# benefits when first moving



## seanpolish (Aug 11, 2014)

HI

I am moving next week from Warsaw to Frankfurt.
As an EU citizen moving to Germany what benefots am i entitled too?
I do not speak German or have any family.

thanks you
sean


----------



## beppi (Jun 10, 2013)

You are entitled to the same benefits as all EU citizens: You can settle wherever you want and have unrestricted access to the job market!


----------



## seanpolish (Aug 11, 2014)

thanks.. do you know details of unemplyment benefits, rent and other expenses the german governmet covers?
i have heard they offer free german lessons for many months and up to 600 euro each month?

can you update me kindly on procedures and timelines as germanny more expensive than my country.


----------



## jojo (Sep 20, 2007)

seanpolish said:


> thanks.. do you know details of unemplyment benefits, rent and other expenses the german governmet covers?
> i have heard they offer free german lessons for many months and up to 600 euro each month?
> 
> can you update me kindly on procedures and timelines as germanny more expensive than my country.



Do you not have a job lined up ??????

Jo xxx


----------



## seanpolish (Aug 11, 2014)

no i only have a woman. what better reason Q


----------



## jojo (Sep 20, 2007)

seanpolish said:


> no i only have a woman. what better reason Q


You need a job so you can look after her tho!!!! 

Jo xxx


----------



## jojo (Sep 20, 2007)

I think the rules on automatically receiving benefits when you first arrive have changed ??? I'm not sure what the rules are now, but I suspect the money isnt there to fund people arriving without work to fund themselves?

Jo xxx


----------



## Meritorious-MasoMenos (Apr 17, 2014)

seanpolish said:


> thanks.. do you know details of unemplyment benefits, rent and other expenses the german governmet covers?
> i have heard they offer free german lessons for many months and up to 600 euro each month?
> 
> can you update me kindly on procedures and timelines as germanny more expensive than my country.


That is a pretty sweet deal, SeanPolish if true.

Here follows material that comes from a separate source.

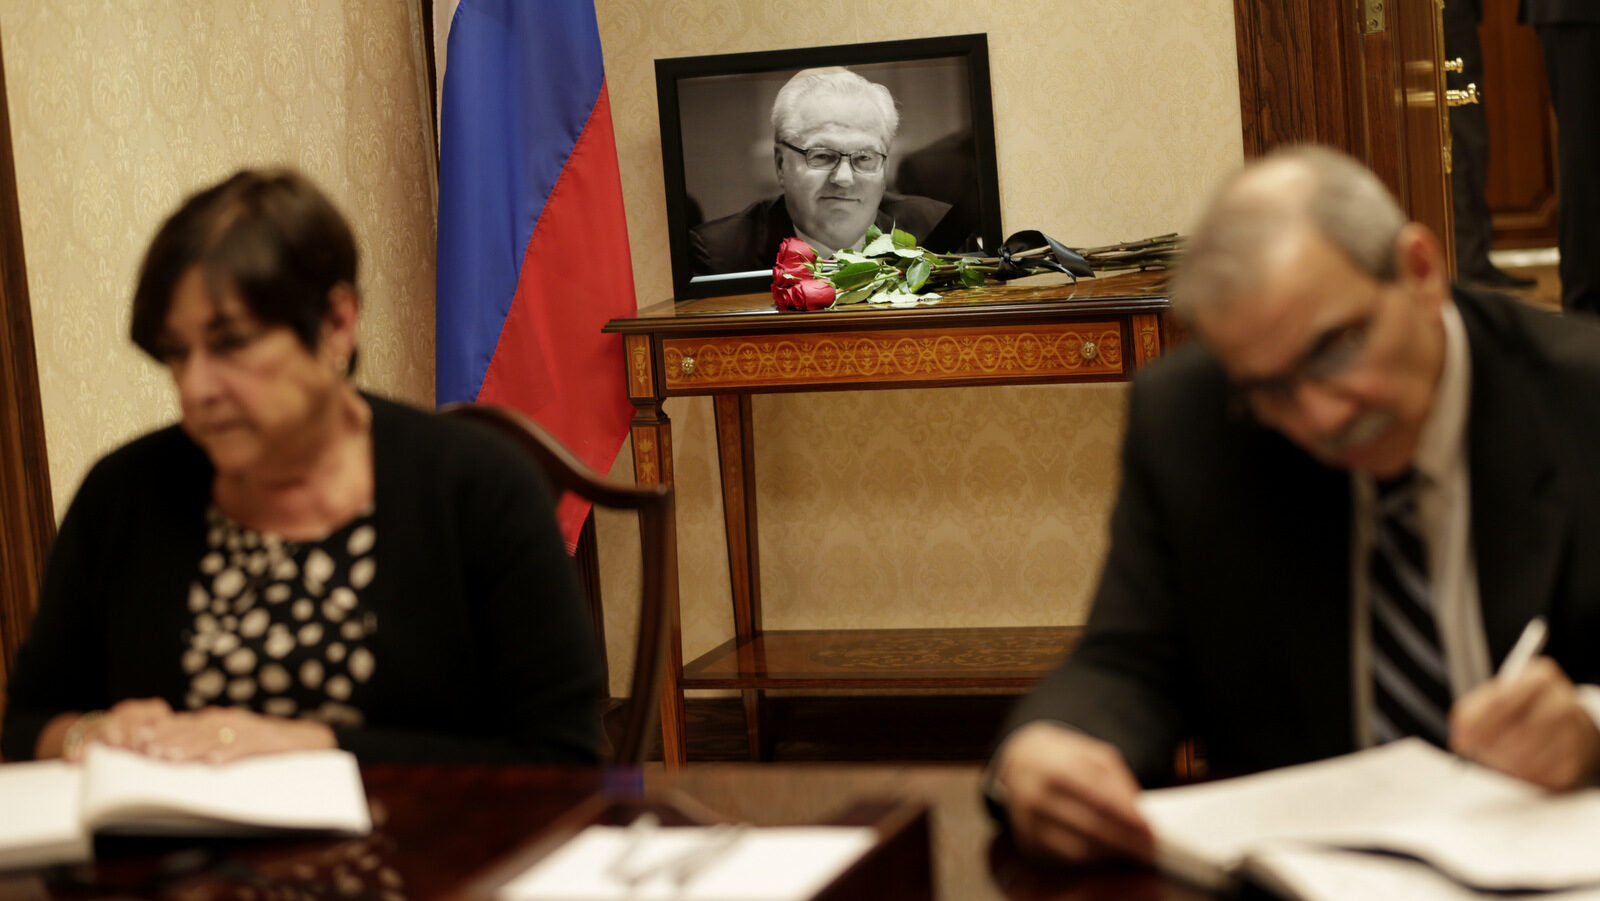 A picture of Vitaly Churkin, Russia's ambassador to the United Nations, is displayed while people sign condolences books at the Russian Mission to the U.N. in New York, Tuesday, Feb. 21, 2017. The city medical examiner was expected to perform an autopsy Tuesday on Russia's ambassador to the U.N., who died a day earlier after falling ill at his office at Russia's U.N. mission. (AP/Seth Wenig)
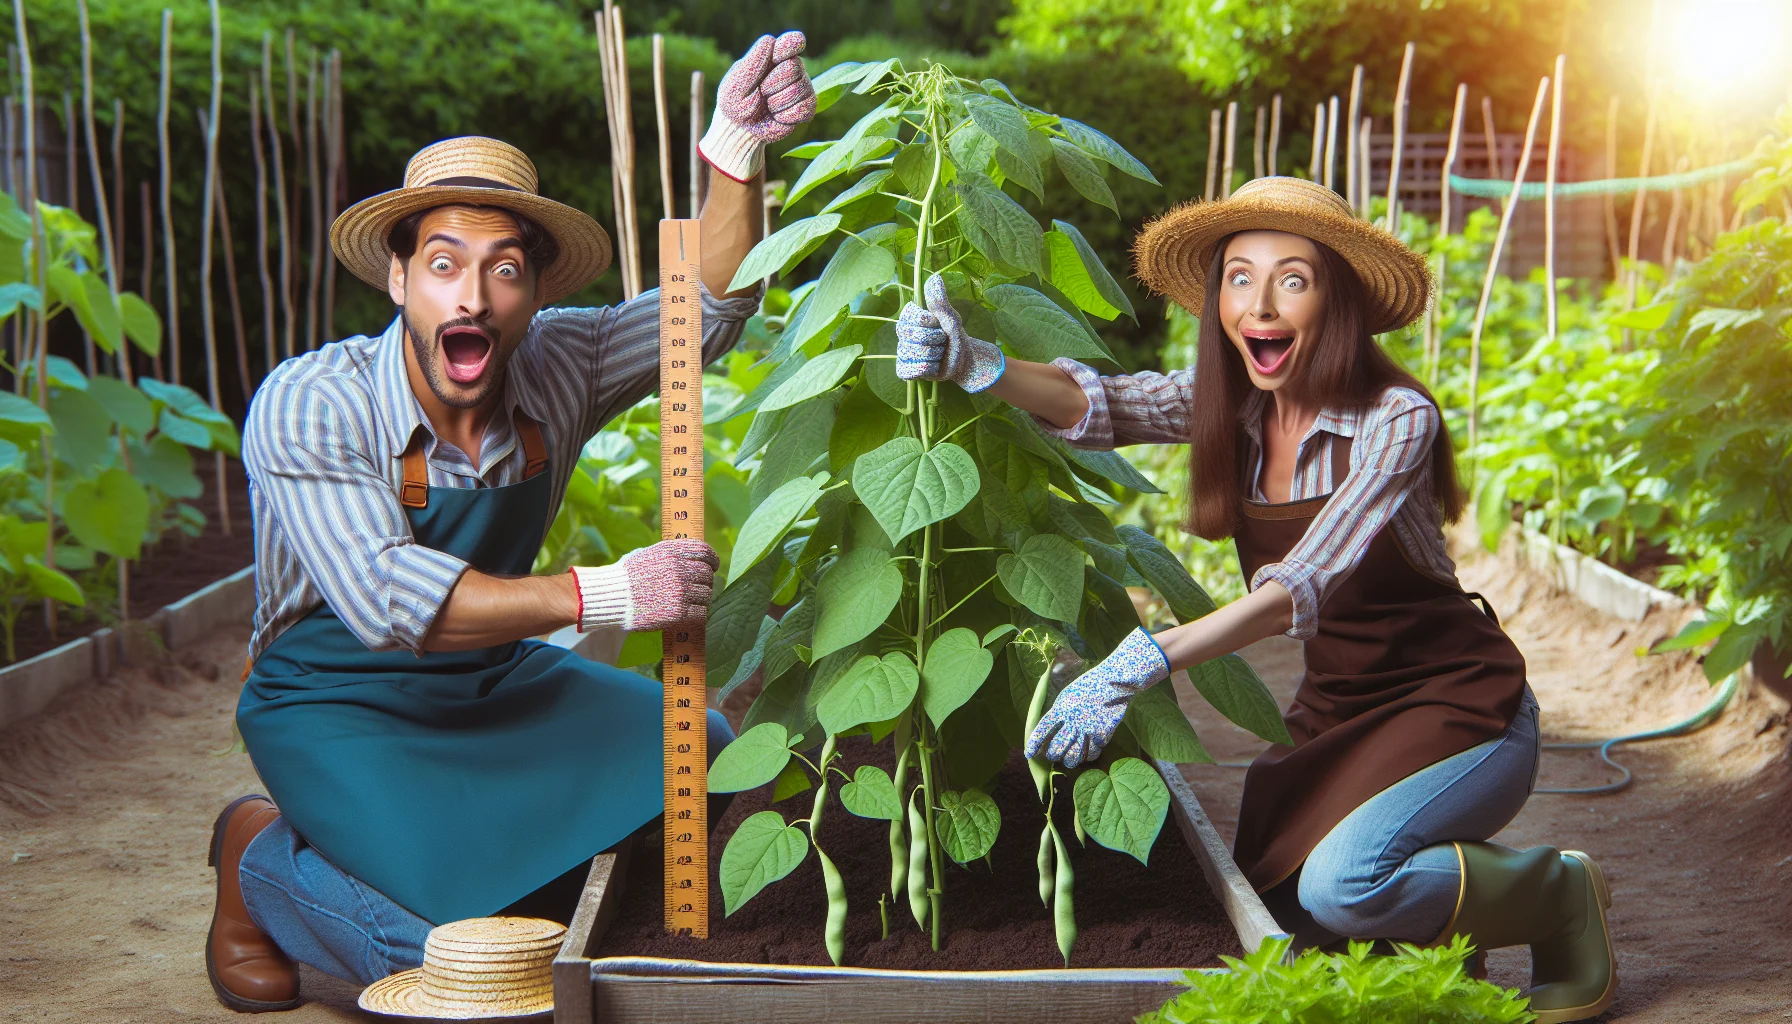 Create a humorous and realistic image focusing on the joy of gardening. The main focus of this image will be growing bush beans. Imagine a scene where a Caucasian male gardener and a Hispanic female gardener, both in their gardening attire: straw hats, gloves and aprons, are in a friendly competition. They're each holding a ruler, measuring the height of their respective bush bean plants, displaying exaggerated expressions of amazement. The garden is absolutely lush, teeming with various vegetable plants. It's a cheerful and charming image that highlights the rewarding aspect of gardening.

I'd imagine your gal would put you up with room and board, so that the German government will give you plenty to live on for months, 600 euros monthly. I'll follow this thread to see if what you heard is true. Please keep us posted. I wouldn't be eligible for any of this, but I'm sure members from other EU countries will find it very useful, however it evolves.


----------



## jojo (Sep 20, 2007)

It has to be said. The indigenous tax payers of countries that have these rules are not happy, which is why the rules may well be changed/changing. It doesnt help integration or acceptance.

In the UK, they now expect EU immigrants to have a job or enough money to live on when they arrive. 

It's all a contentious issue and not something to be recommended. 

If you are planning to move to another country, you should only do it if you can support yourself is the best and correct way to do it

Jo xxx


----------



## Bevdeforges (Nov 16, 2007)

If you are on unemployment in your own country, you may be able to transfer your benefit to Germany for up to 3 months, but not any longer than that. To receive German unemployment you must have worked in Germany for a certain minimum period of time and your employer must have notified the Arbeitsamt when you were terminated.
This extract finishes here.